What you will do:
Repeat exactly the line with "Ernie Ball Regular" and each line after it to the end of the data below; pictures stay out.

Available data:
--- START ---

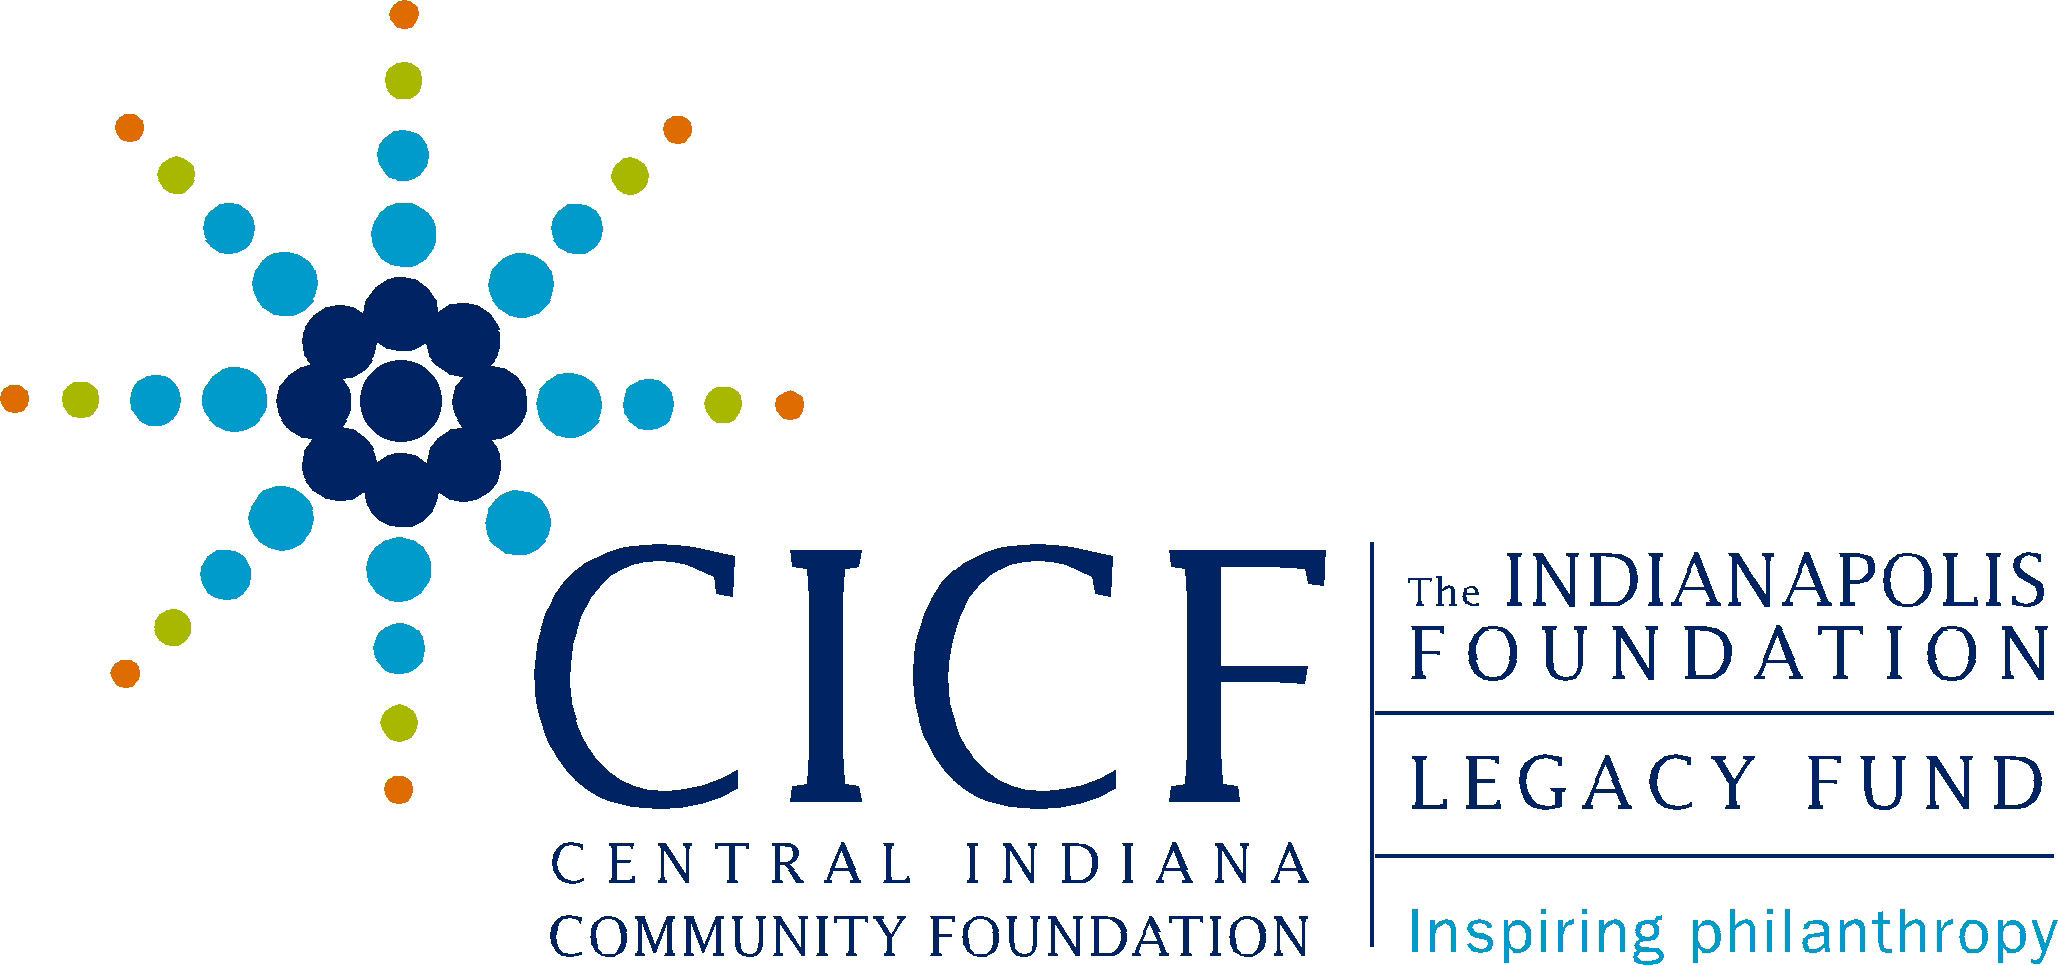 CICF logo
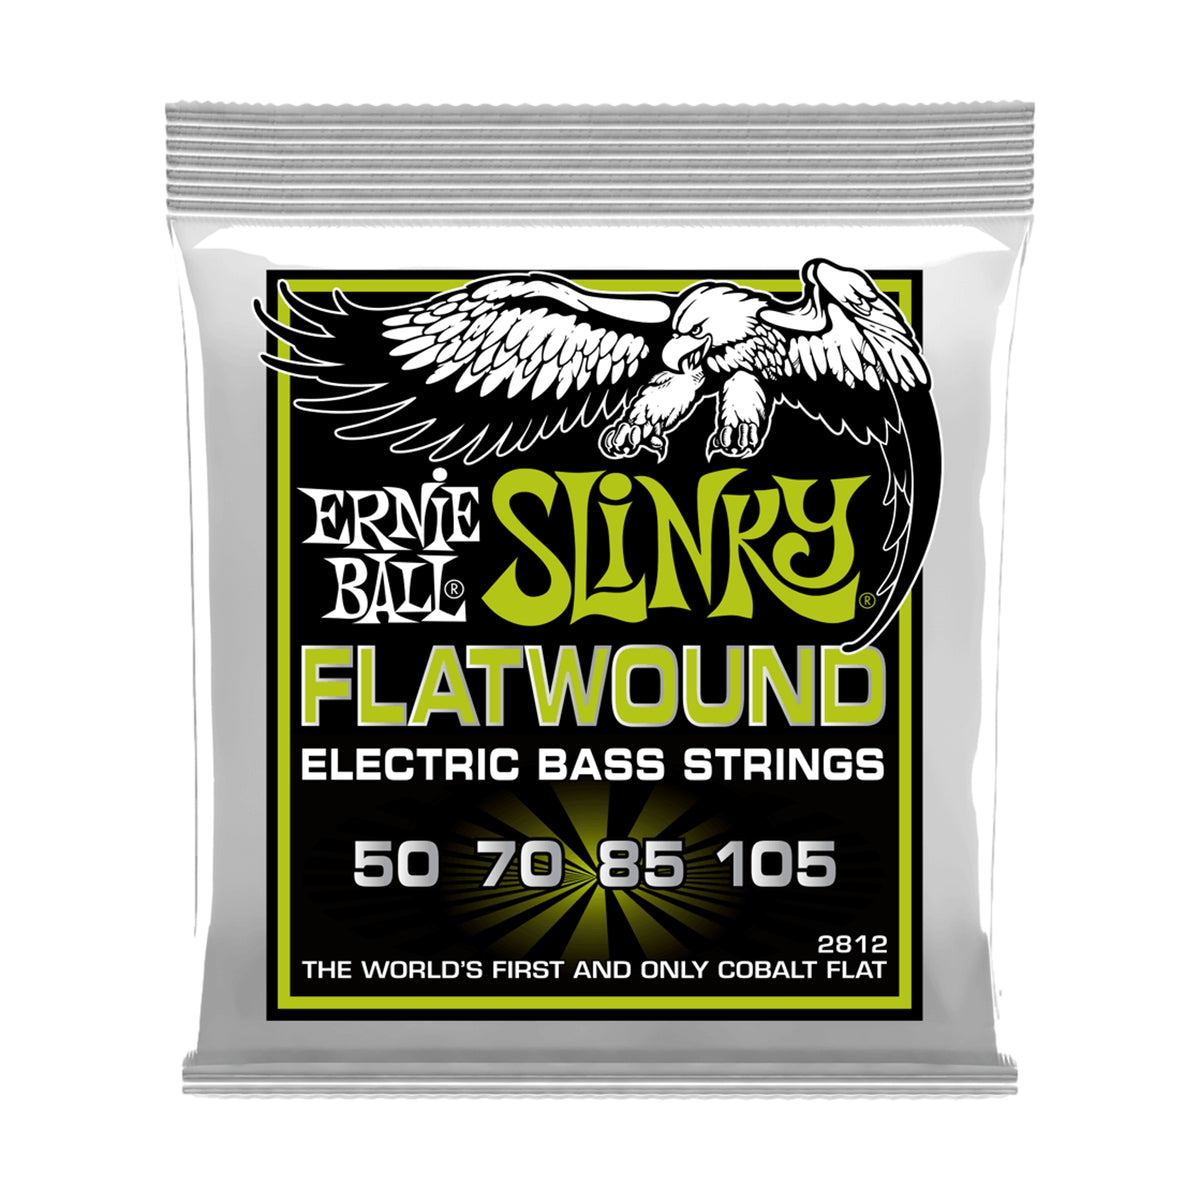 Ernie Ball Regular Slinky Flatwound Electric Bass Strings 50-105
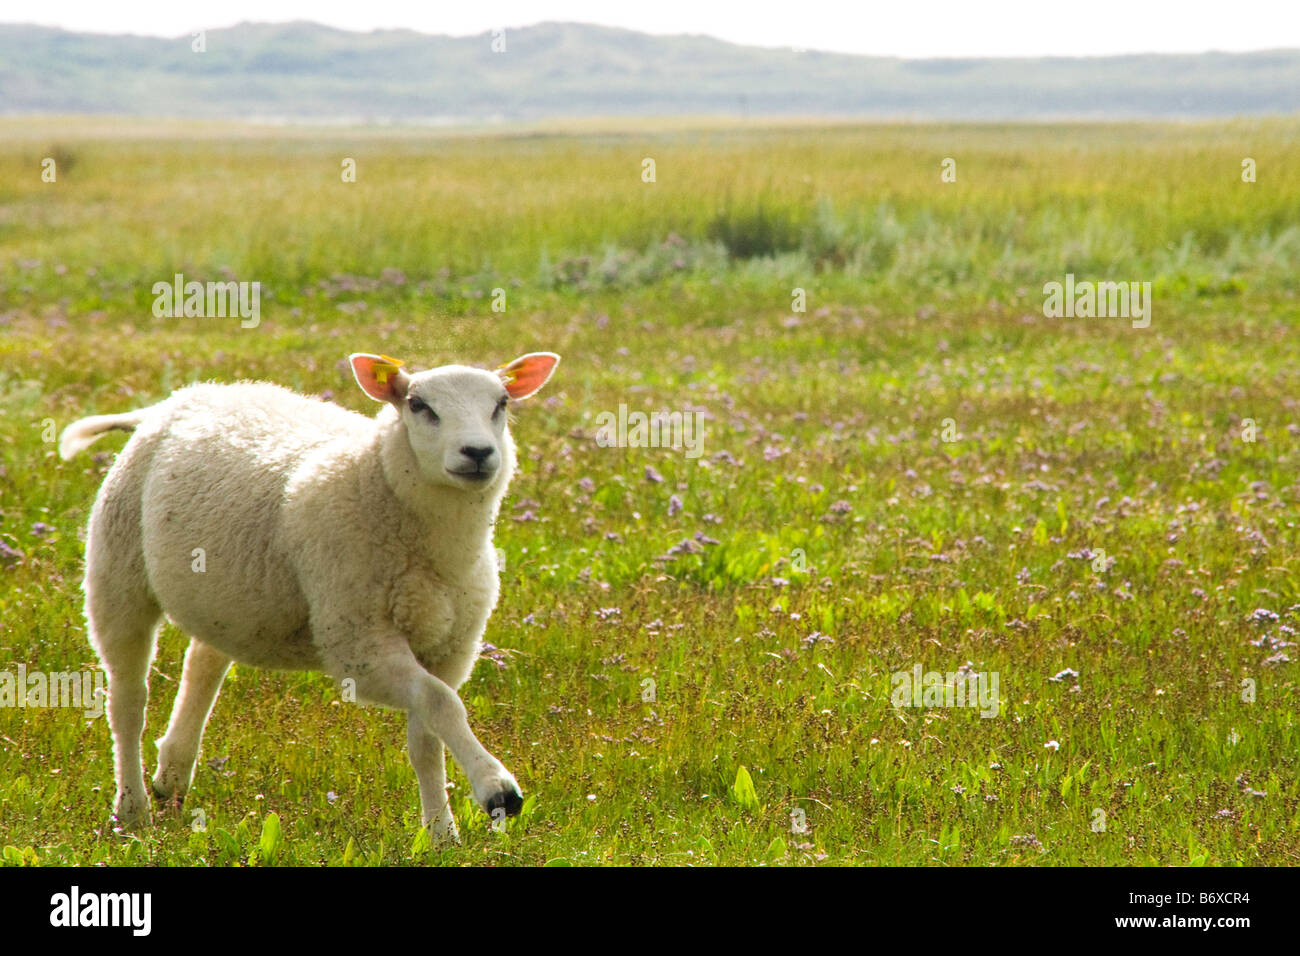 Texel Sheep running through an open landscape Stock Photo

--- END ---

Task answer:
 Ernie Ball Regular Slinky Flatwound Electric Bass Strings 50-105
 Texel Sheep running through an open landscape Stock Photo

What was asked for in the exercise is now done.